For many people, the notion of how wine is made boils down to something like this: A winemaker harvests a crop of one variety of grapes—say chardonnay or merlot—which he (or she) then takes into a cellar, crushes, ferments and matures, then sells under his own label. This of course happens, but it’s really just the barest sketch of how things are really done.
In reality, most properties that farm grapes for their own label will have a diversity of fruit sources. There may be more than one variety planted, for example, and multiple plots each with a somewhat different exposition, soil type, drainage, etc. Holdings might be contiguous (which is how we tend to think of a wine estate) but are equally or perhaps more likely to scattered here and there. Often, a single winemaker is working with some vineyards she owns and some she rents, or with some fruit that she grows herself and some she purchases from a neighbor. We can’t go into all the possible permutations.

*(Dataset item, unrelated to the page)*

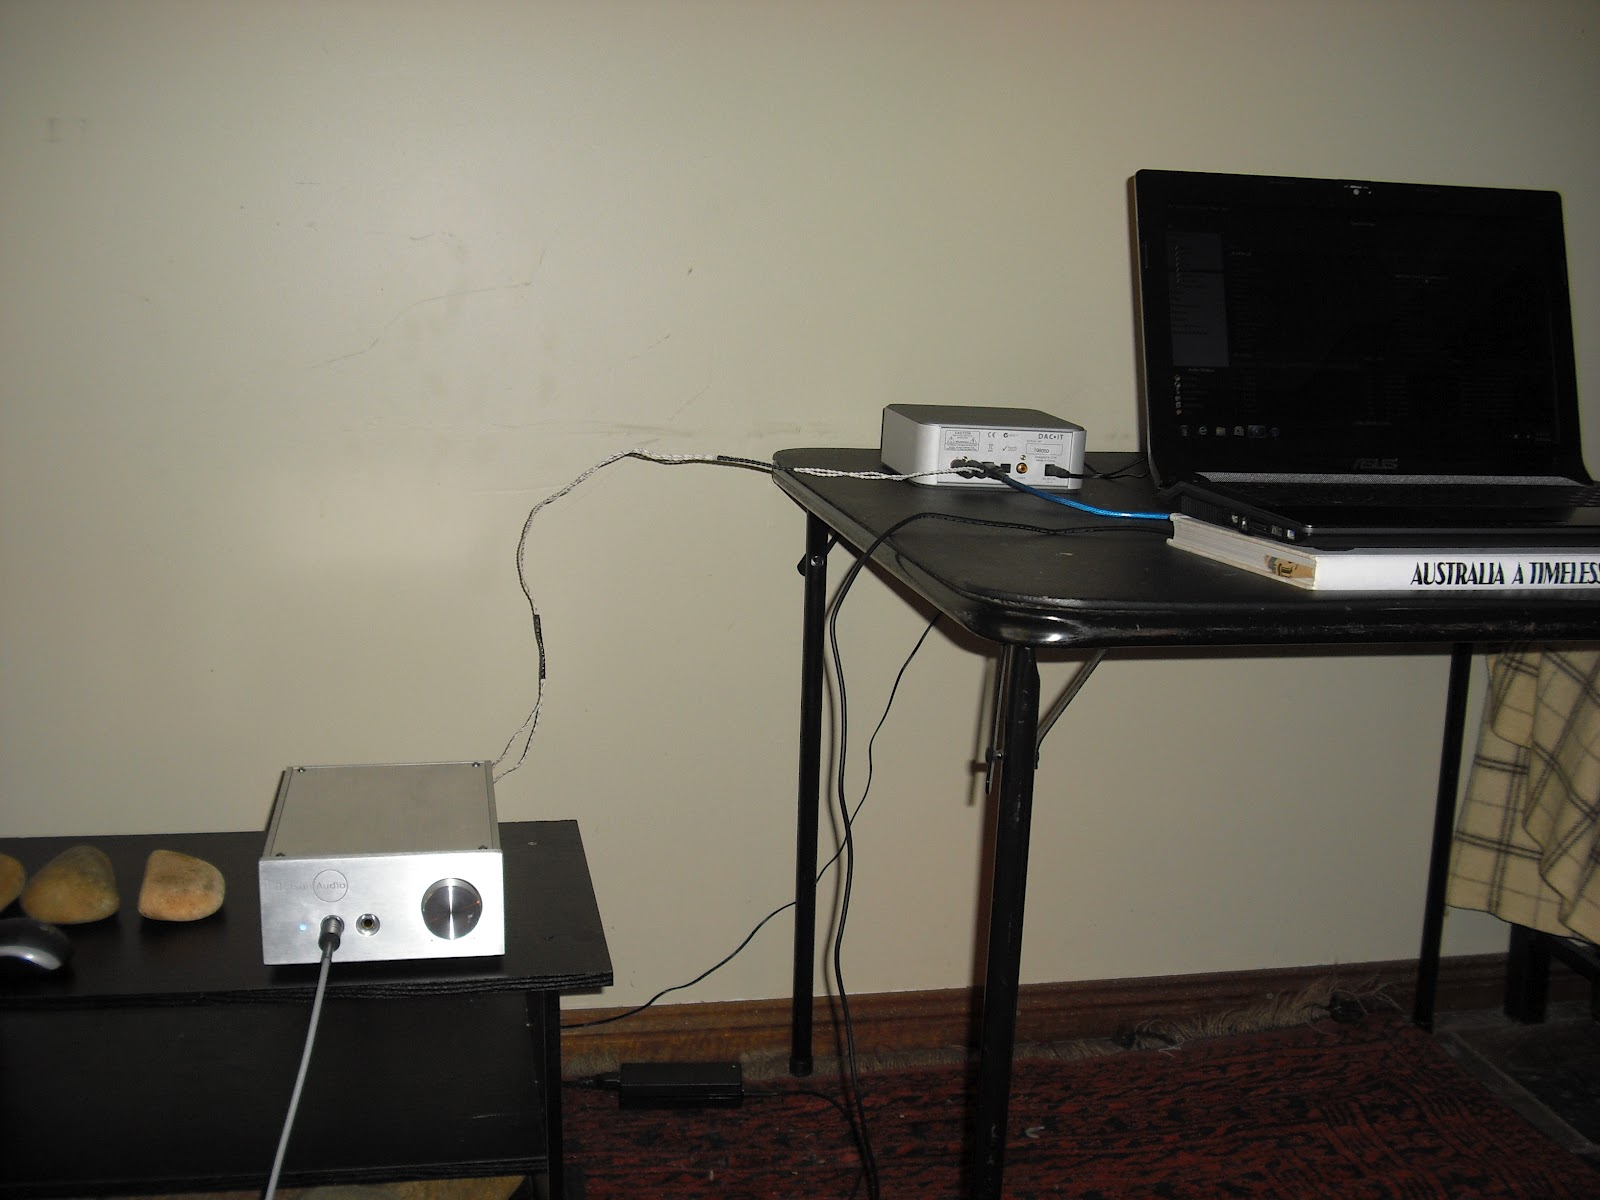 AKG Q701 Quincy Jones headphone amplifier

When winemakers work with distinct lots of raw material, the tendency today is to make separate vats of wine out of each and later combine them to make a blended wine. That takes advantage of the differences in the various lots, making a better wine than any individual one might on its own. Because a fermenting vat is called, in French, a cuve, a wine assembled from various lots is called a cuvée (koo-VAY). When you hear or see this term, you know you’re dealing with of this sort. In a recent Milk Steet Radio segment, I poured several wines for Christopher that fit this profile.
Wine 1: 2014 Piaugier Sablet
Sablet is a village in the Cotes du Rhone appellation that gets to put its own name on the label. The standards for winemaking from these cru villages is a bit higher than for generic Cotes du Rhone. It’s normally a little fancier and fetches slightly higher prices. This one is $19 at Formaggio Kitchen Cambridge.

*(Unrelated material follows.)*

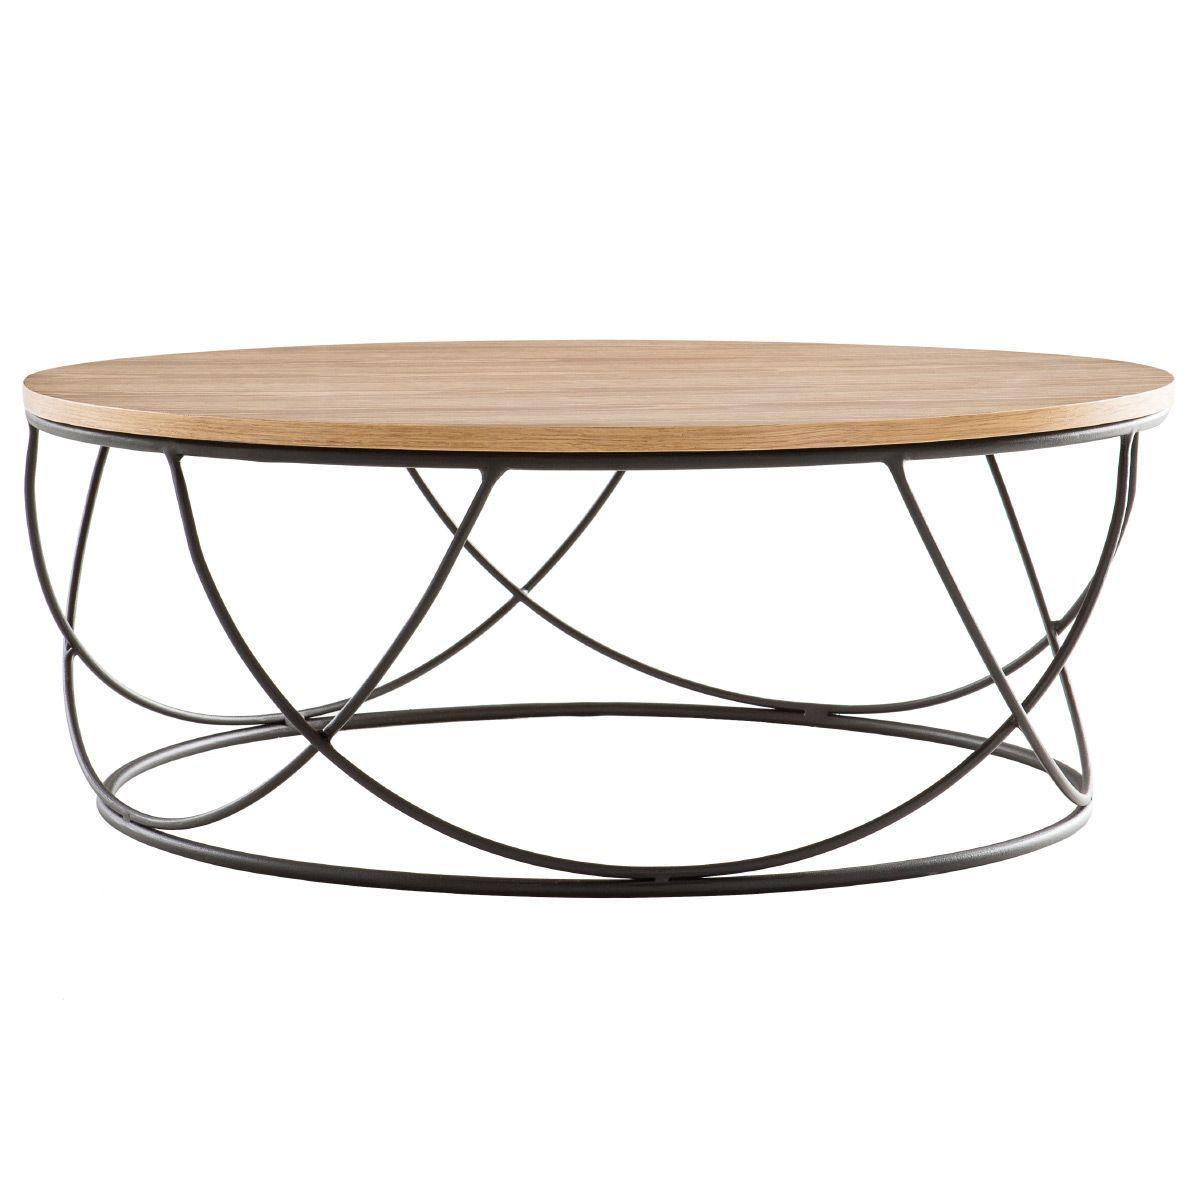 Table Basse Bois Et Metal Noir Ronde 80 Cm Lace Taille S

The domaine’s holdings are divided into multiple plots on different soil types: clay with limestone and sand, clay with chalk, sand and gravel. The vines here are 20 to 40 years old. Fruit is harvested and vinified separately, parcel by parcel, giving each vat its own specific character. There are two different grape varieties involved: grenache and syrah. In the southern Rhone, red wine bearing an appellation designation must be made with a prescribed cocktail of varietals. The percentage of each is something the winemaker can decide from year to year. Each may be vinified and matured the same way or differently (some in barrels, some in stainless steel, for example). Each combination of varietals, site-specific fruit and variously matured wine is considered a separate cuvée.
Wine 2: Terres de Causses "Baies Pourpre" Vin de France
Figure-skating competitions feature both compulsory figures and freestyle segments, intended to showcase the sport’s two sides: precise execution of standard technique and self-expression. If Piaugier Sablet is, by analogy, the former, this is the latter—a freestyle wine. It presents one of the most unusual blends of varietals I’ve ever seen: merlot, pinot noir, touriga nacional (a Port grape), petit verdot and 17 percent unnamed. There is no appellation in the world that authorizes a combination of grapes like this. The property is in the French Southwest, sort of ground zero for small, quirky operations. With such a diversity of fruit to work with, any number of cuvées would be possible. This is the one the winemaker decided on.
Wine 3: Jaulin-Plaisantin Chinon “Les Hauts et Les Bas”
So-named because this cuvee is made with fruit from the property’s higher and lower altitude plots: the plateau of Cravant (“les hauts”) and the banks of the Vienne river (“les bas”). The riverbank gravels give fruit and roundness, while the flinty clay from the plateau brings minerality and tension. Part of the blend is aged in a concrete tank to retain a vibrant fruit character, and the rest is raised in older oak barrels. The lots are blended together in tank after one year and aged for another three to six months.
Often, a winemaker will make separate cuvées from his younger and older vines, since these can be very different. In the mind of a winemaker, any difference in either raw materials (site, vine age, varietal) or how the fruit has been processed (free-run juice, press wine, aging medium) can became the basis for a cuvée. In this sense, the individual lots of wine function as ingredients. The cuvée that results is the finished dish.
You might ask if there is any wine at all that doesn’t qualify as a cuvée. Good question. It’s fair to say that any wine that has come about as the result of an artful arrangement of difference constitutes a cuvée—and what distinguishes these various lots can be almost anything. It’s as simple and as complex as that.